Profissionais do Instituto Adolfo Lutz e mais uns 12 componentes da Secretaria mesclando com o pessoal das regionais, onde possivelmente poderia esta acontecendo o Hantavirus, envolvidos naquele processo de captura que não funcionou. Foi feita de forma errada. A escolha dos locais não foi o ideal, tanto é que não se conseguiu capturar nenhum roedor contaminado (CC).

A escolha dos locais foi considerada inviável, e possivelmente a época do ano podia não ser a melhor, mas as técnicas de captura foram corretas e são determinadas pelo CDC. No mês de agosto do mesmo ano, nova captura foi efetuada. Esta, porém, abrangendo uma área maior que compreendeu os Municípios de Seara, Arroio Trinta e Ipuaçu, todos em Santa Catarina, com um total de 473 roedores capturados. As amostras, analisadas pelo IAL, incriminaram a espécie Oligoryzomys nigripes como reservatório do Hantavirus denominado até o momento sin nombre (SECRETARIA DO ESTADO DA SAÚDE DE SANTA CATARINA, 2002).

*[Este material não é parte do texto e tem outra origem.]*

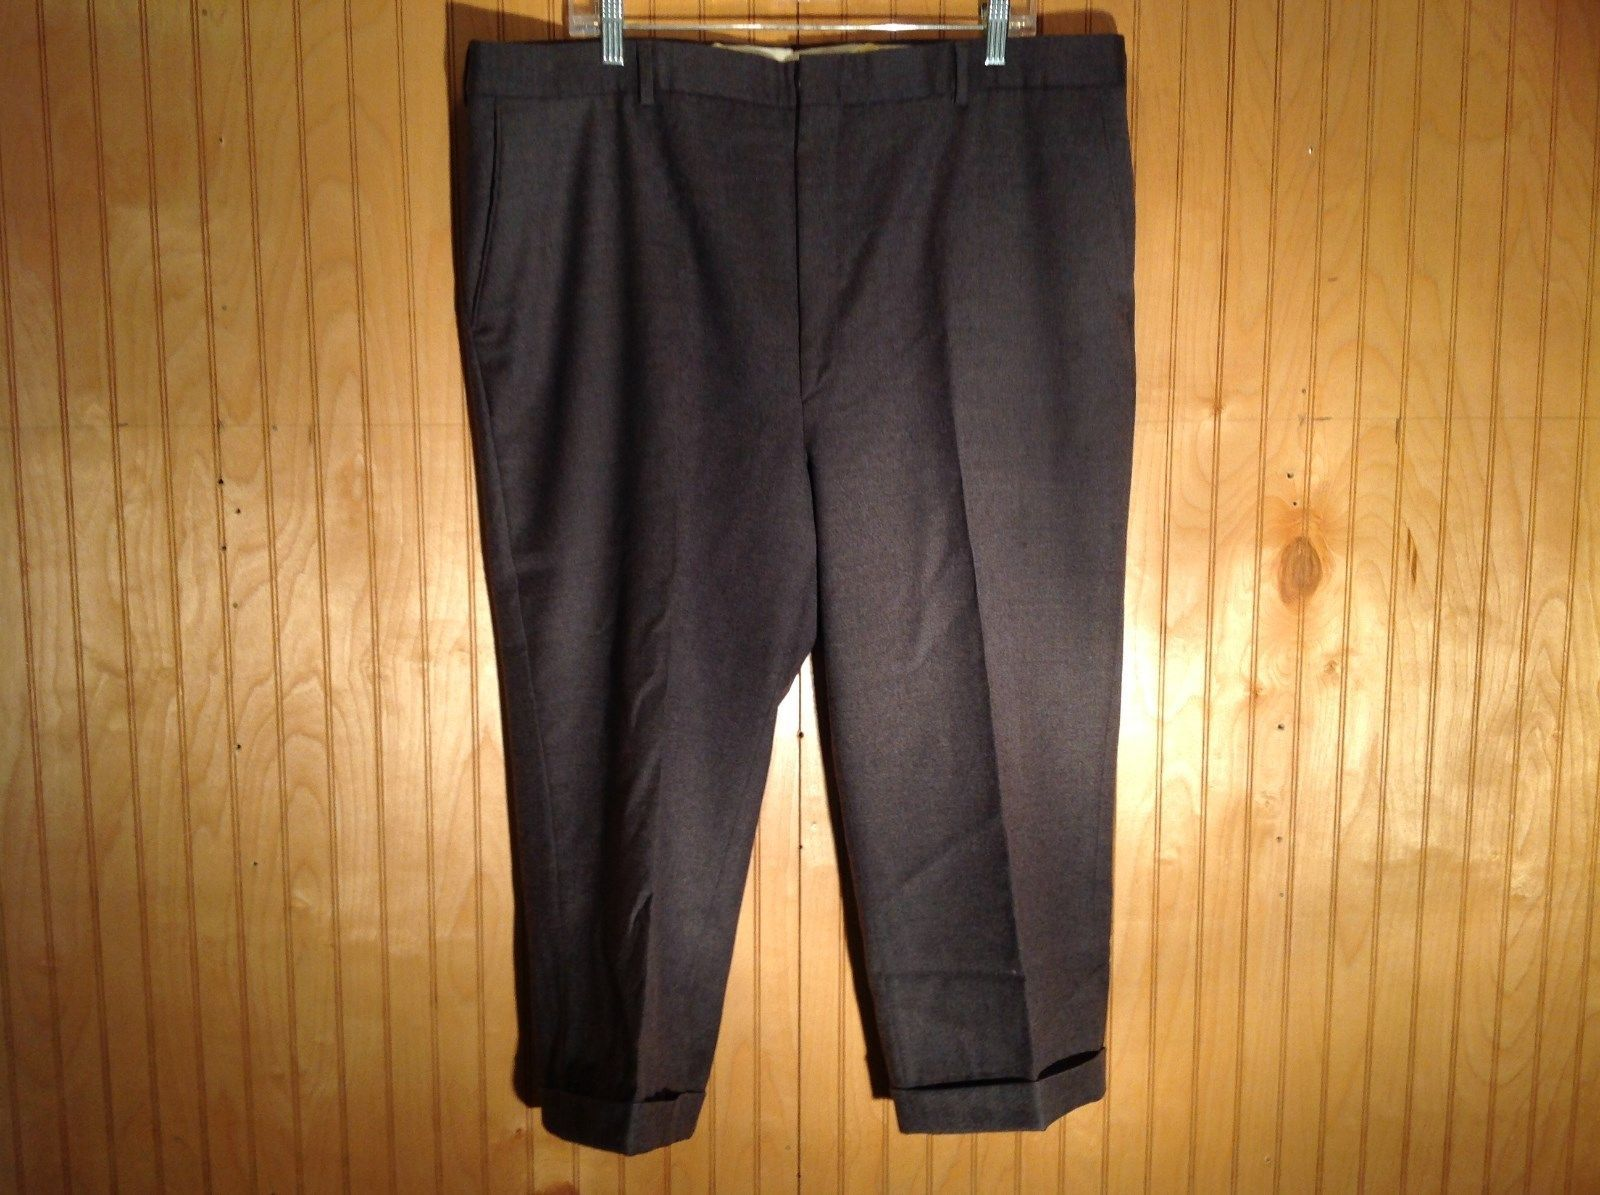 Dark Gray Pleated Dress Pants by Bill Blass 100 Percent Wool Size 40R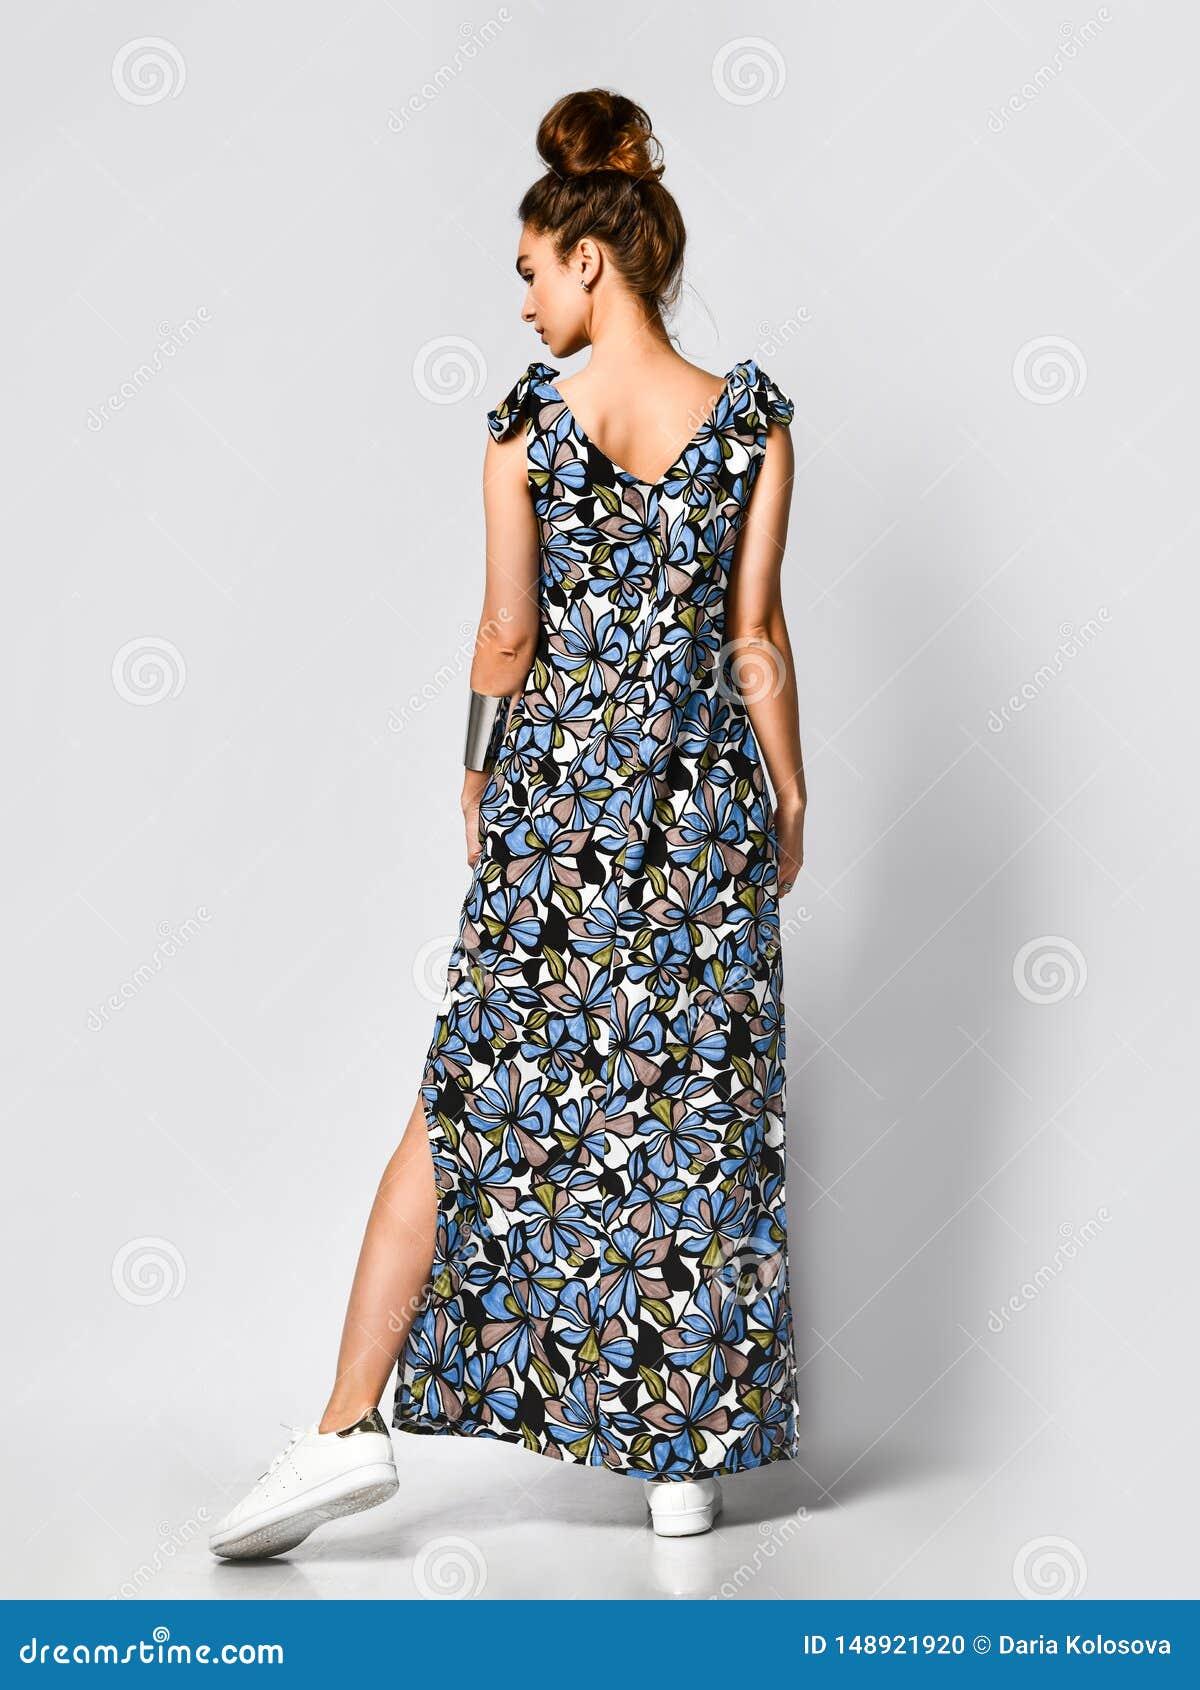 Frau im langen Blumenkleiderin mode Speicher - Portr?t des M?dchens in einem Kleidungsgesch?ft in einem Maxi Sommerkleid

Como até o momento a espécie viral ainda não foi identificada, os estudos em Santa Catarina continuam. A participação de outras instituições como a Fundação Osvaldo Cruz/FIOCRUZ, que também possui um núcleo de pesquisa sobre Hantavirus, começa a disputar espaço nas pesquisas, pelo menos em Santa Catarina, onde o início de sua participação apresentou certo sigilo frente a outros laboratórios. Inclusive, ao ser contatado para contribuir com informações, sobre a área de pesquisa, seu representante alegou a indisponibilidade de tempo para tanto.

Durante todo este trajeto, as relações estabelecidas entre os profissionais de saúde e de pesquisa ocorreram no momento das atividades do estudo. Após todo o processo de emergência o alerta existe, mas a criação de

espaços e de tempo para discussão sobre o assunto não, exceto quando surgem novos casos onde a culpabilização do paciente é a principal característica relacionada. Mas isto também acontece com outros agravos e com campanhas do Ministério da Saúde.